Reproducibility as a Service (RaaS)
Reproducibility as a Service (RaaS) is a system I created to address reproducibility problems for computational experiments that lost their computational environment. This service is targeted at research programmers across scientific disciplines who might be trying to reproduce an experiment. This work is the subject of my master’s thesis at the University of British Columbia.

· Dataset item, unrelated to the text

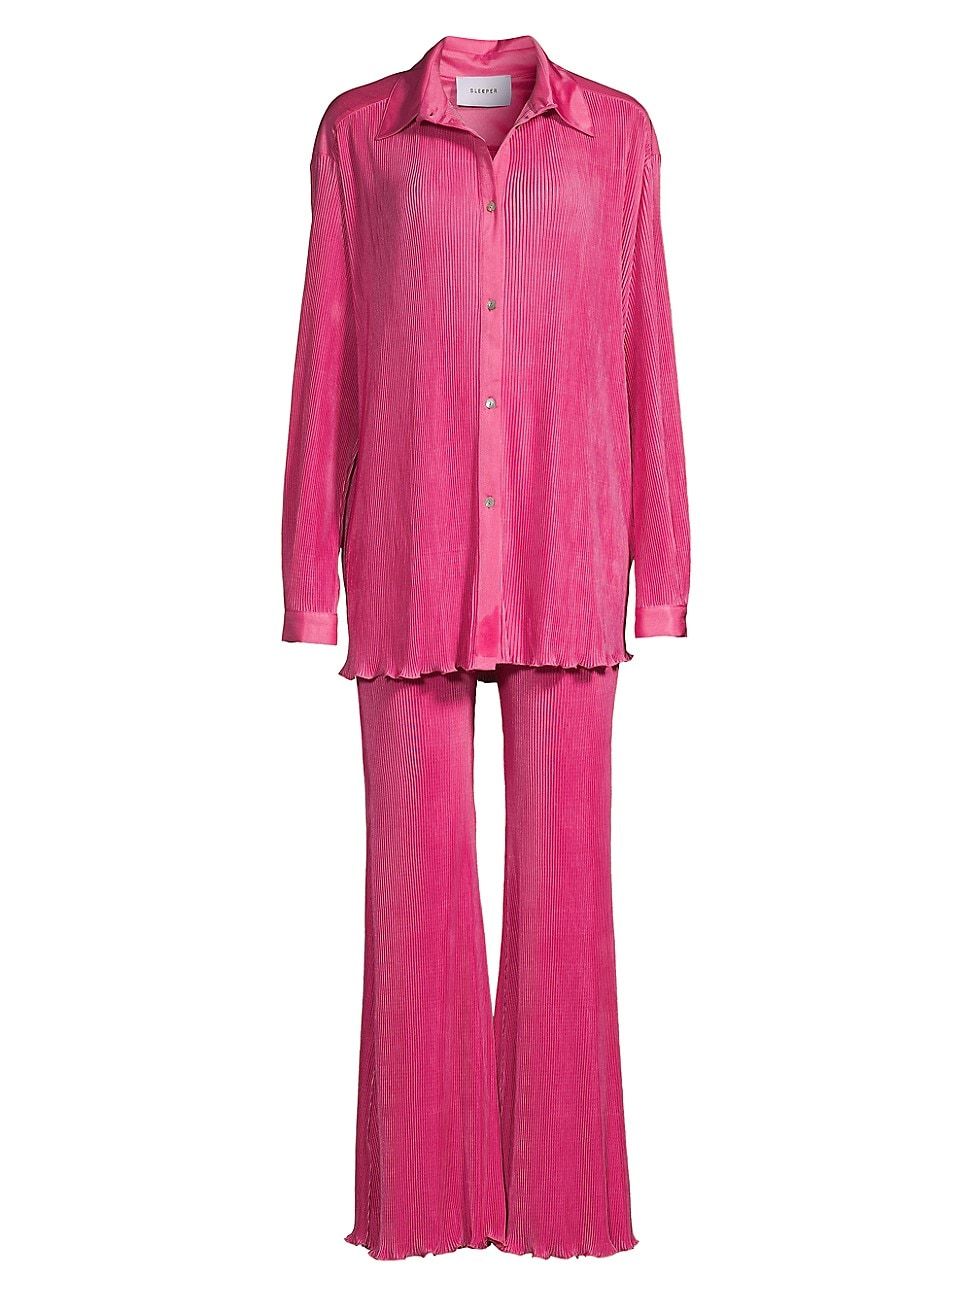 Sleeper Feather Trim Pajama Sets On Sale - Saks Fifth Avenue Designer ...

Recent studies demonstrated that the reproducibility of previously published computational experiments is inadequate. Many of these published computational experiments are not reproducible, because they never recorded or preserved their computational environment. This environment consists of artifacts such as packages installed in the language, libraries installed on the host system, file names, and directory hierarchy. Researchers have created reproducibility tools to help mitigate this problem, but they do nothing for the experiments that already exist in online repositories. This situation is not improving, as researchers continue to publish results every year without using reproducibility tools, likely due to benign neglect as it is common to believe publishing the code and data is sufficient for reproducibility. To clarify the gap between what existing reproducibility tools are capable of and this issue with published experiments, we define a framework to distinguish between actions taken by a researcher to facilitate reproducibility in the presence of a computational environment and actions taken by a researcher to enable reproduction of an experiment when that environment has been lost. The difference between these approaches in reproducibility lies in the availability of a computational environment. Researchers that provide access to the original computational environment perform proactive reproducibility, while those who do not enable only retroactive reproducibility. We present Reproducibility as a Service (RaaS), which is, to our knowledge, the first reproducibility tool explicitly designed to facilitate retroactive reproducibility. We demonstrate how RaaS can fix many of the common errors found in R scripts on Harvard’s Dataverse and preserve the recreated computational environment.